• RECORDED INFORMATION:

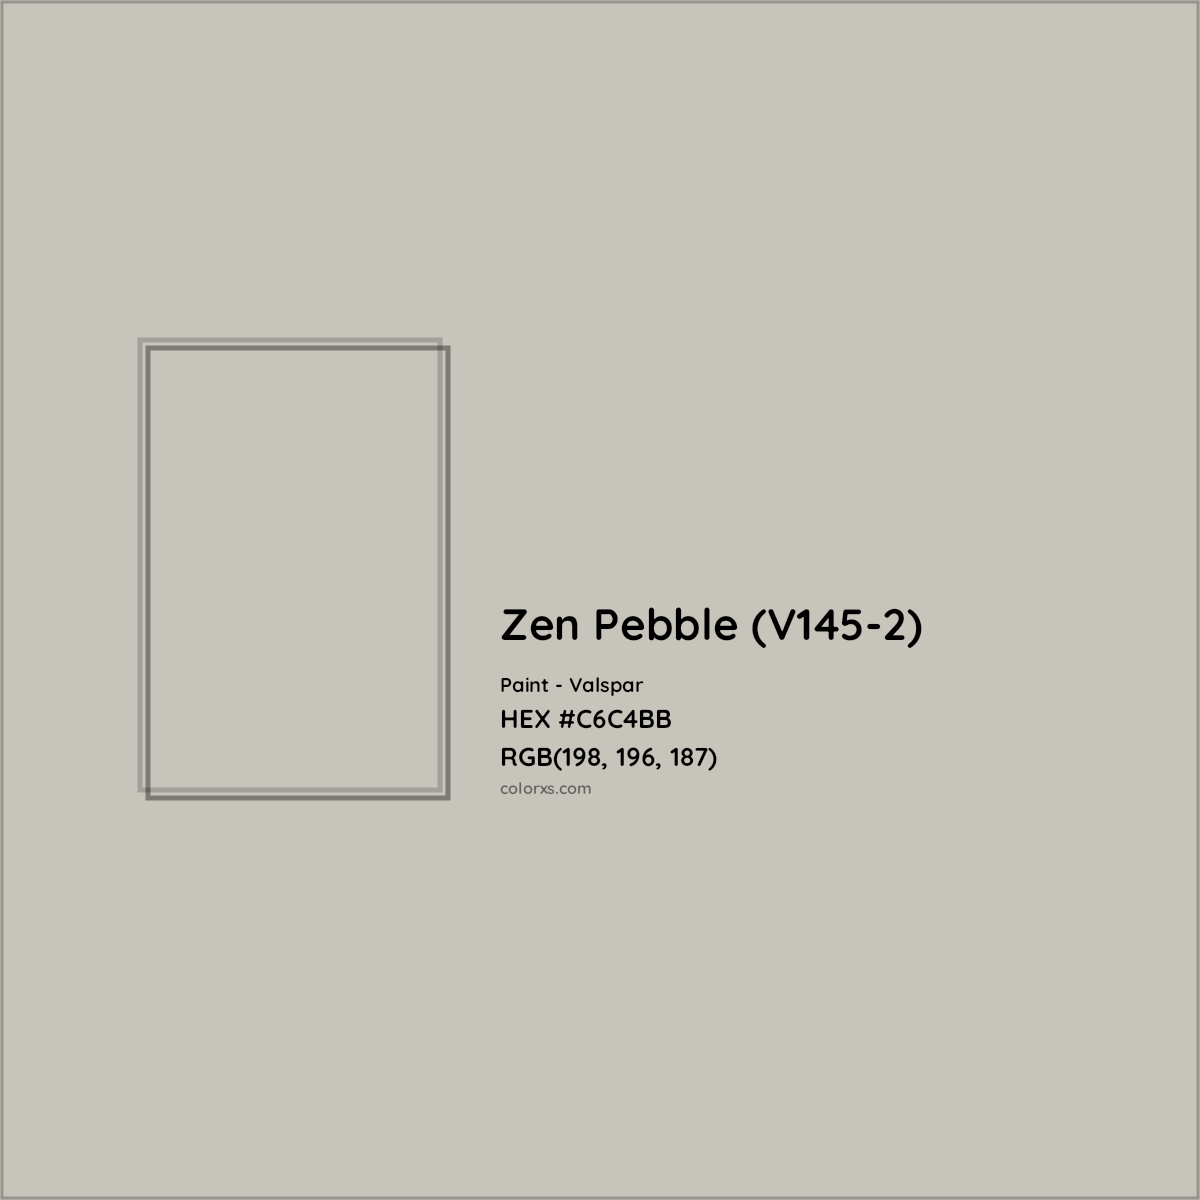 HEX #C6C4BB Zen Pebble (V145-2) Paint Valspar - Color Code
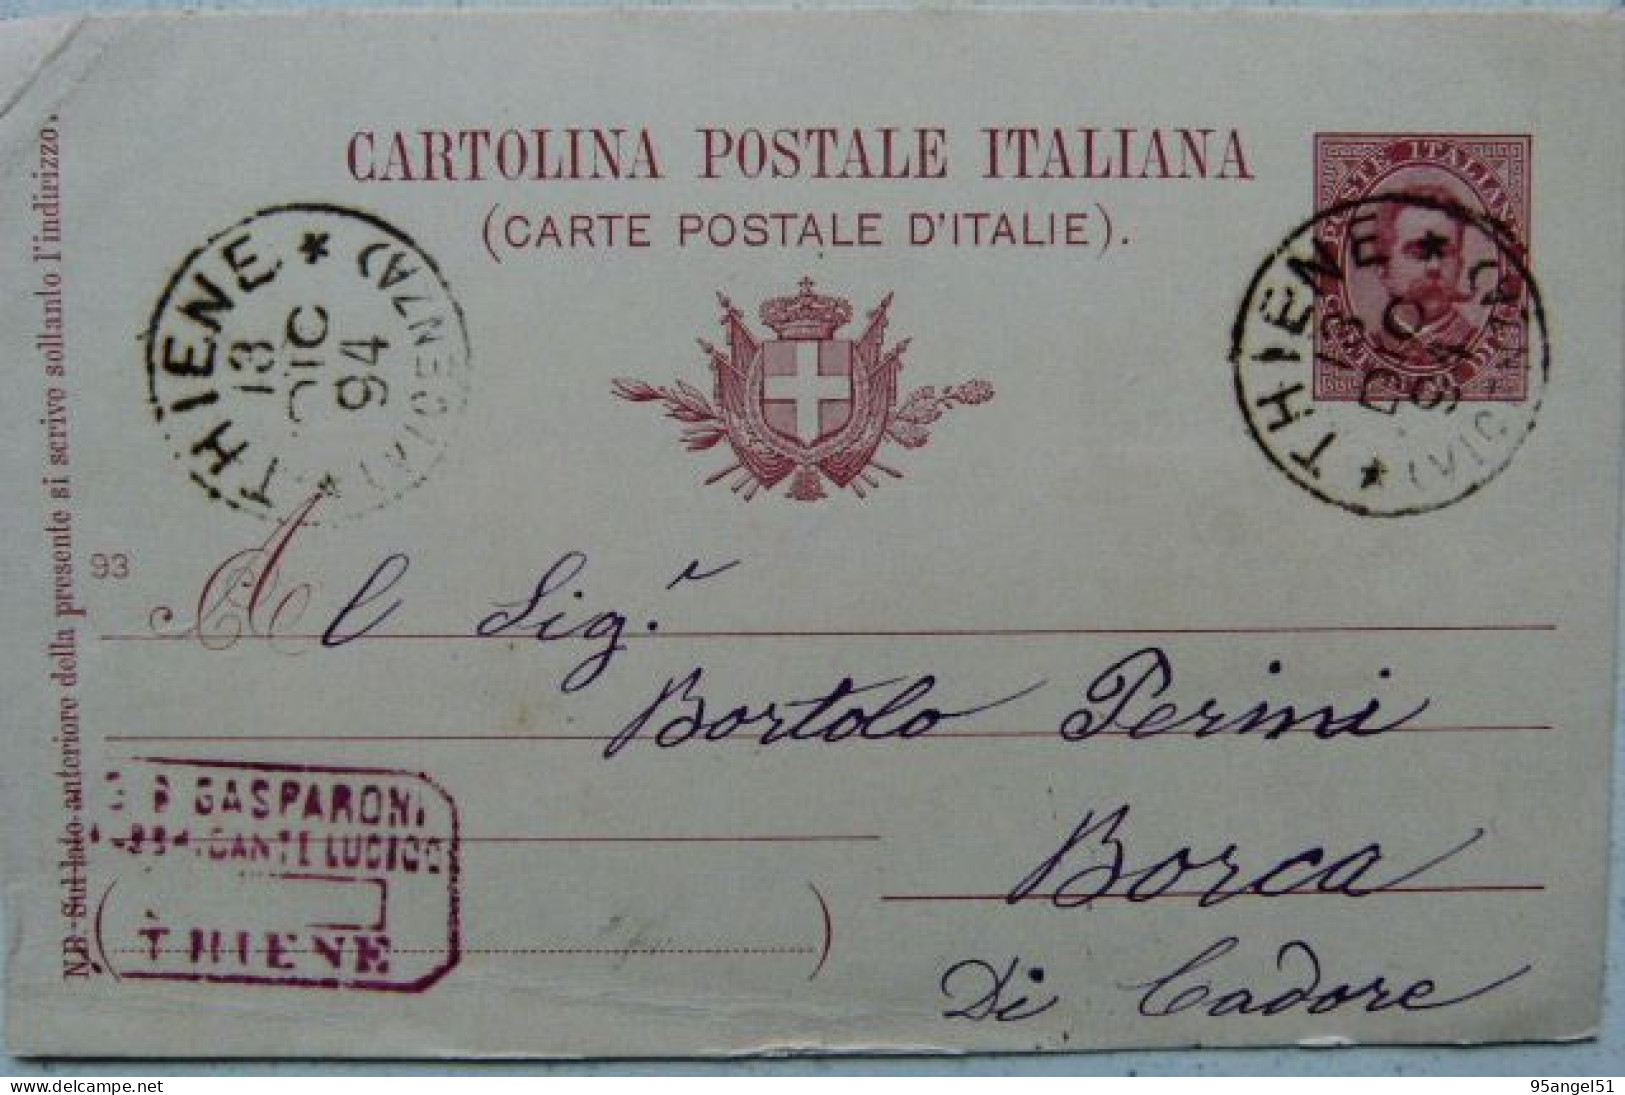 THIENE VICENZA - G.B.GASPARONI COMMERCIANTE - TIMBRO SU CARTOLINA POSTALE 1894 X BORCA DI CADORE - 130 ANNI! - Vicenza
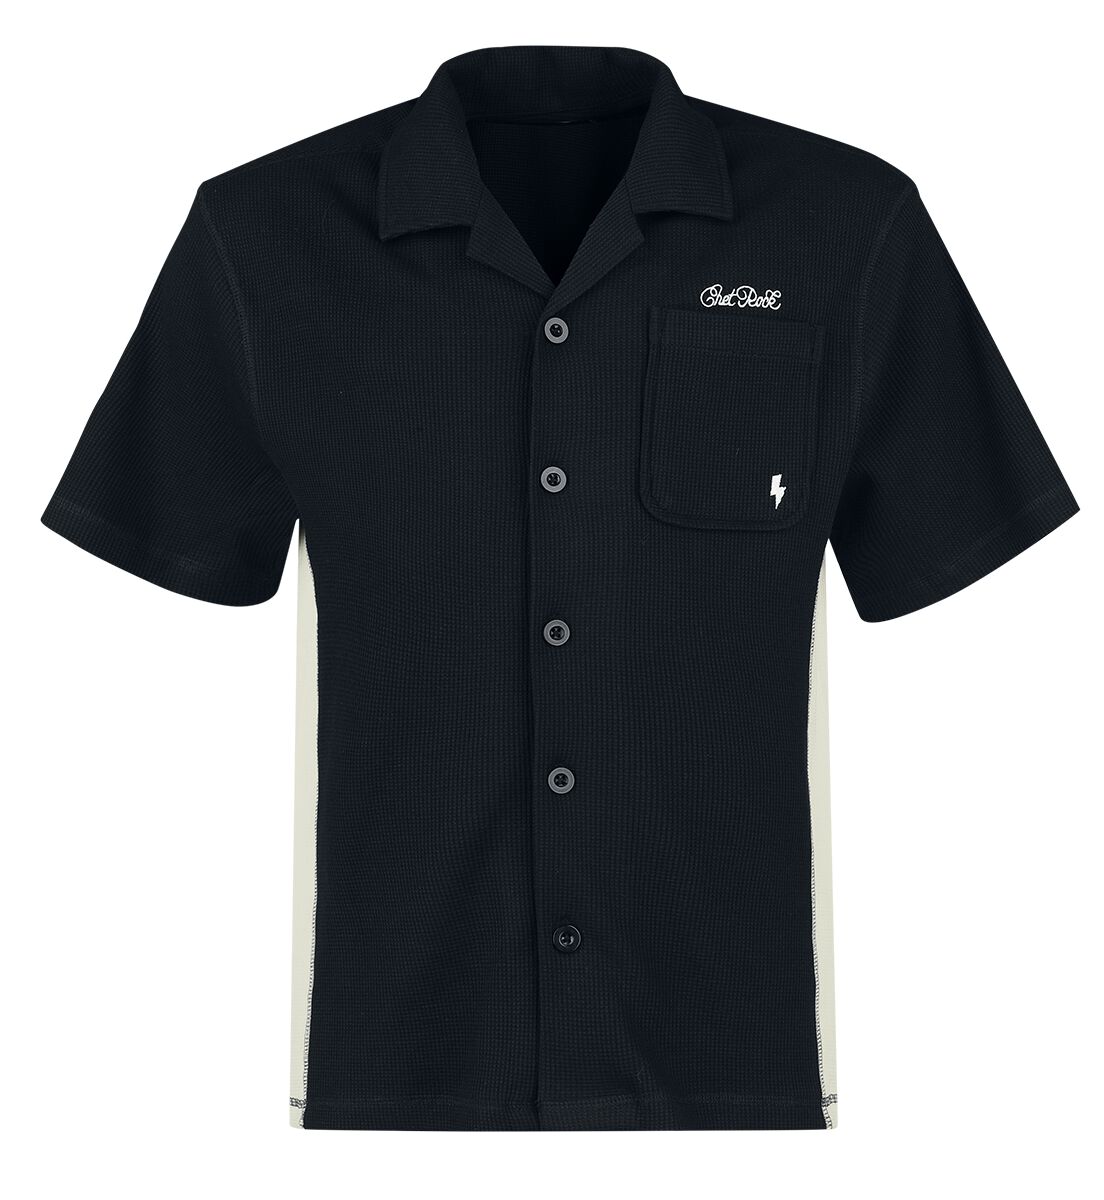 Chet Rock - Rockabilly Kurzarmhemd - Sienna Shirt - S bis XXL - für Männer - Größe XL - schwarz/weiß von Chet Rock
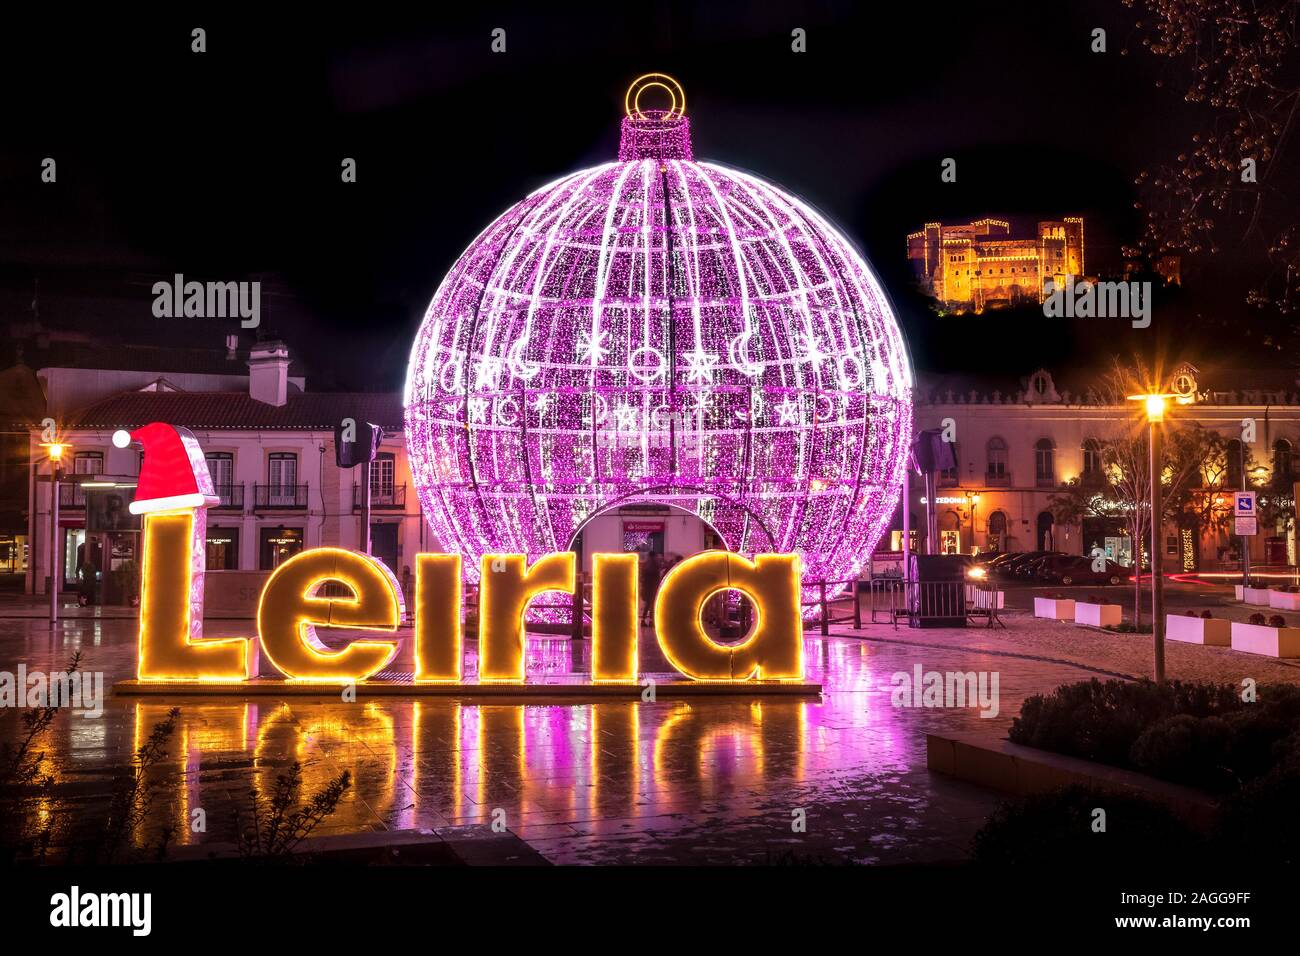 Leiria, Portugal - 14 décembre 2019 : Noël décoration en Leiria, Portugal, avec le mot Leiria et une boule de noël géant. Banque D'Images

• TASK REQUIREMENTS:
With the pictures left out, restate word for word every line of the data above, from the first down to the line that contains "Chet Rock - Rockabilly".

• WORKED SOLUTION:
 HEX #C6C4BB Zen Pebble (V145-2) Paint Valspar - Color Code
 THIENE VICENZA - G.B.GASPARONI COMMERCIANTE - TIMBRO SU CARTOLINA POSTALE 1894 X BORCA DI CADORE - 130 ANNI! - Vicenza
 Chet Rock - Rockabilly Kurzarmhemd - Sienna Shirt - S bis XXL - für Männer - Größe XL - schwarz/weiß von Chet Rock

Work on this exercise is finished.